→ **Work item**
Reproduce all the lines below exactly and omit the images.

→ **Collected material**
::::
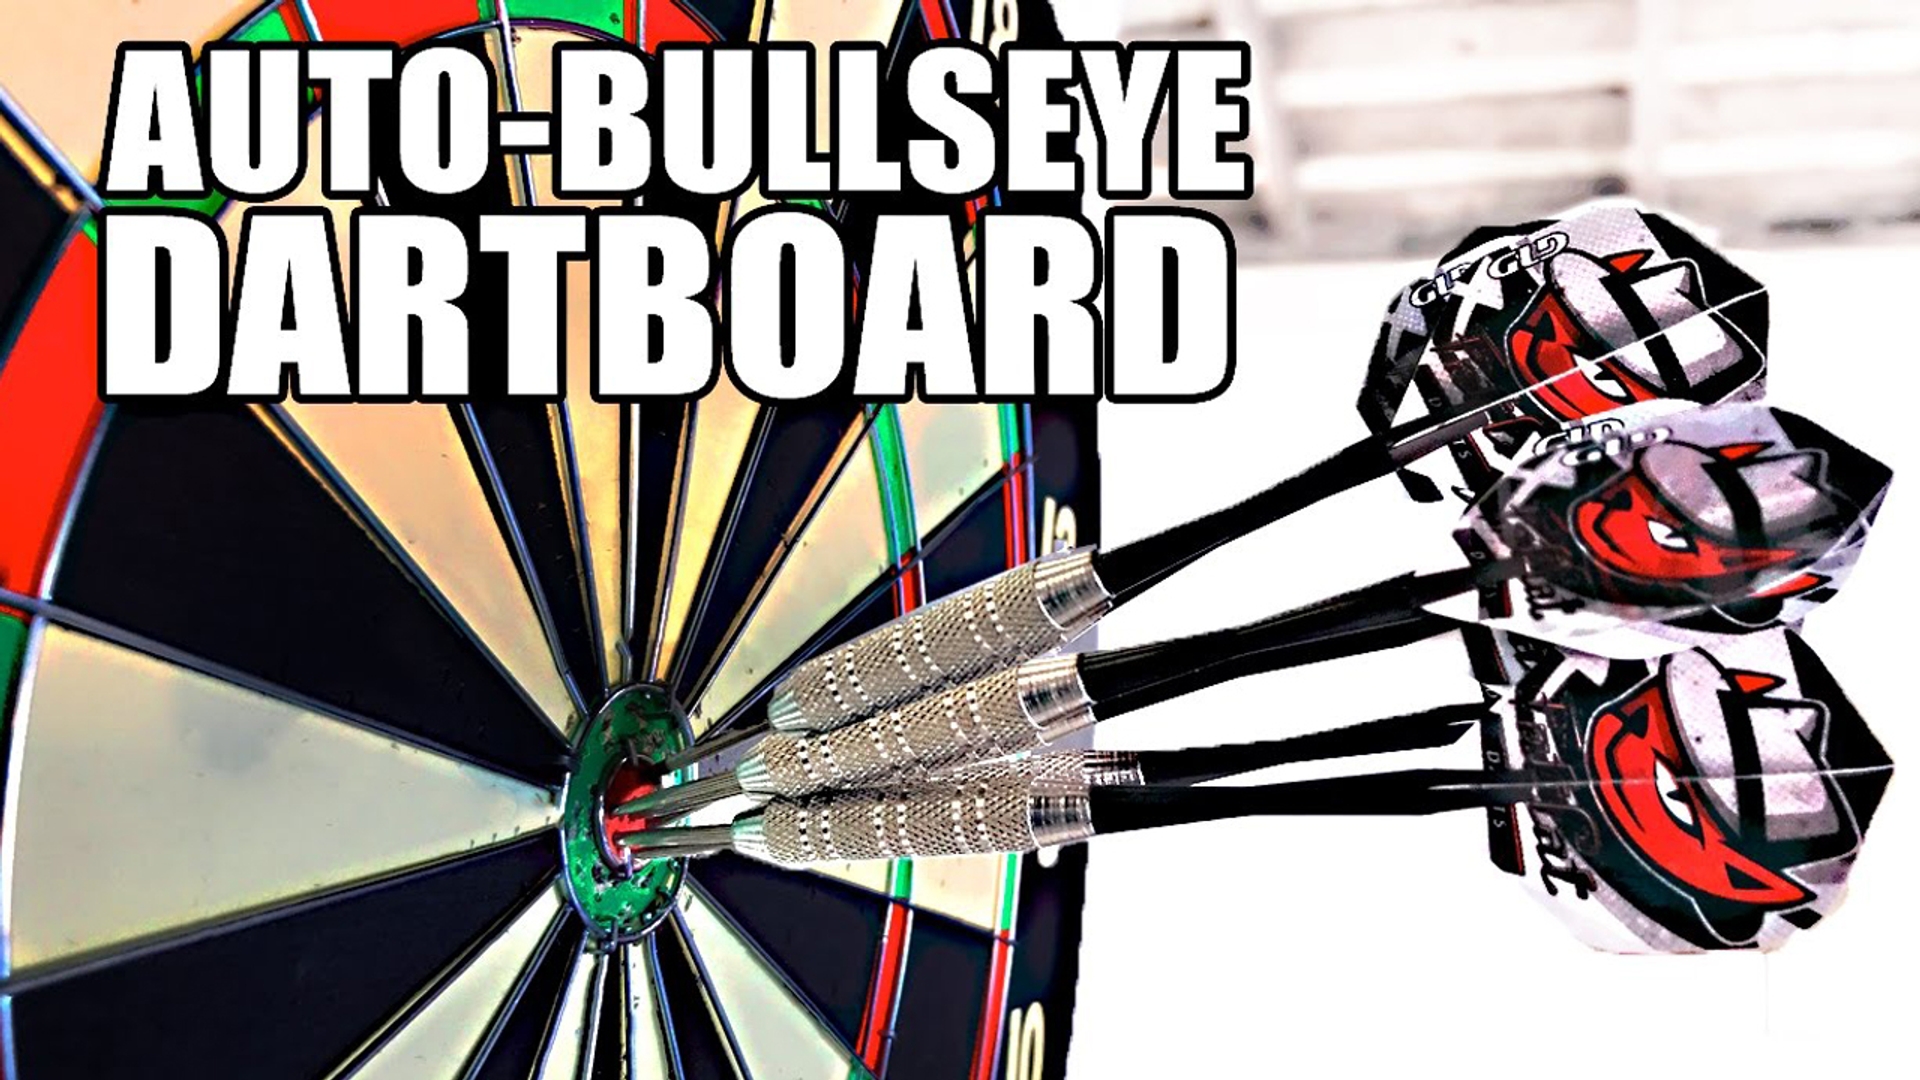 Automatic Bullseye MOVING Dartboard
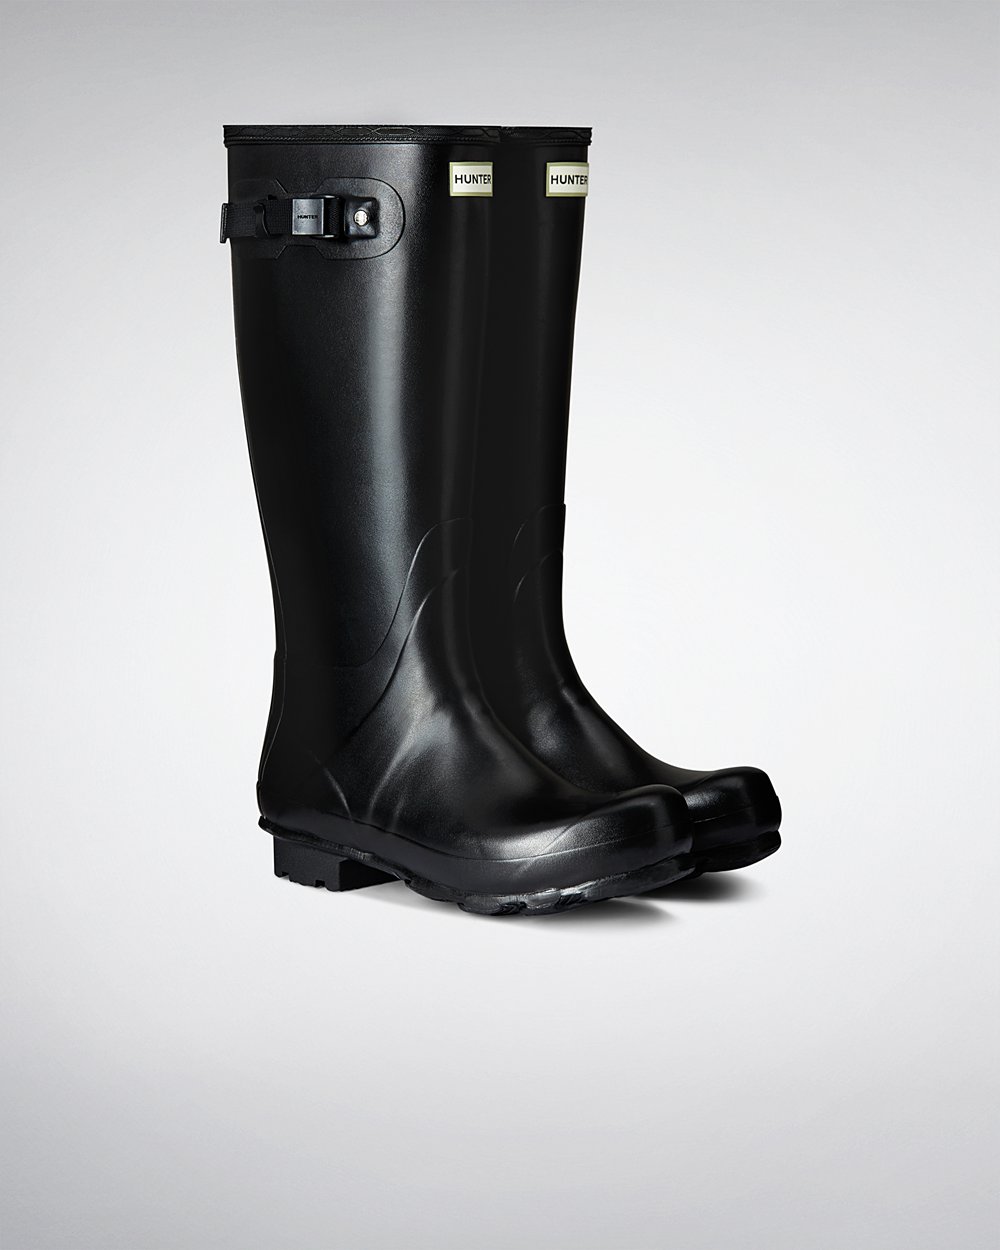 Mens Tall Rain Boots - Hunter Norris Field (21BQDZOTL) - Black
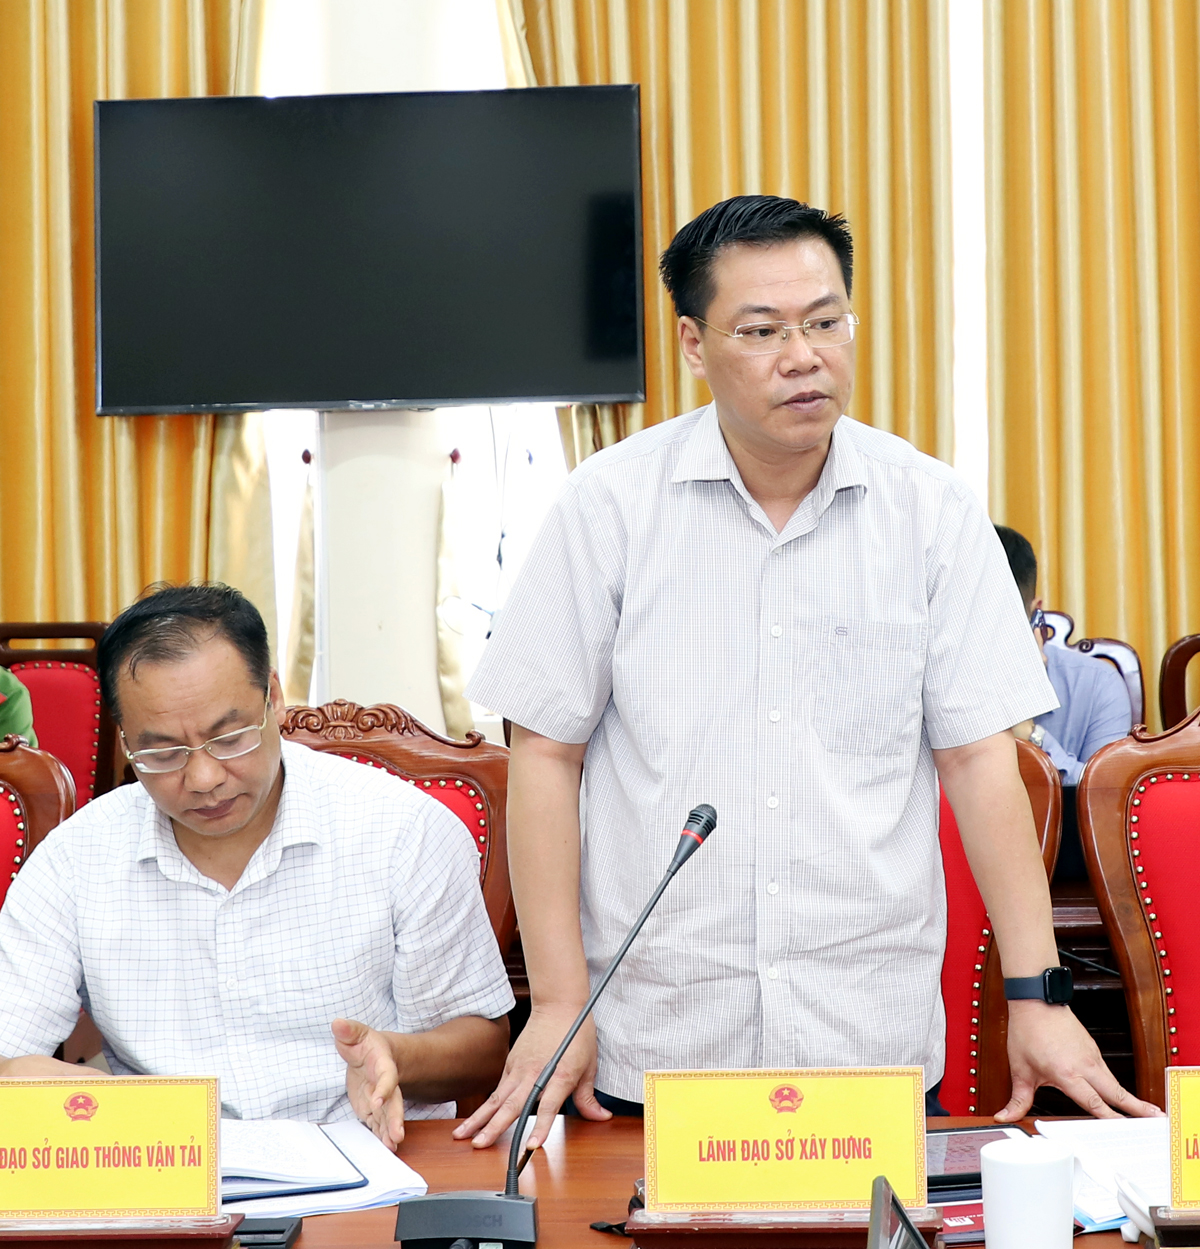 Giám đốc Sở Xây dựng Nguyễn Tiến Dũng đề nghị huyện Quang Bình quan tâm công tác quy hoạch; ưu tiên nguồn lực để chỉnh trang khu vực trung tâm các xã đang phấn đấu đạt chuẩn Nông thôn mới.
::::
→ **Exercise answer**
 Automatic Bullseye MOVING Dartboard
 Mens Tall Rain Boots - Hunter Norris Field (21BQDZOTL) - Black
 Giám đốc Sở Xây dựng Nguyễn Tiến Dũng đề nghị huyện Quang Bình quan tâm công tác quy hoạch; ưu tiên nguồn lực để chỉnh trang khu vực trung tâm các xã đang phấn đấu đạt chuẩn Nông thôn mới.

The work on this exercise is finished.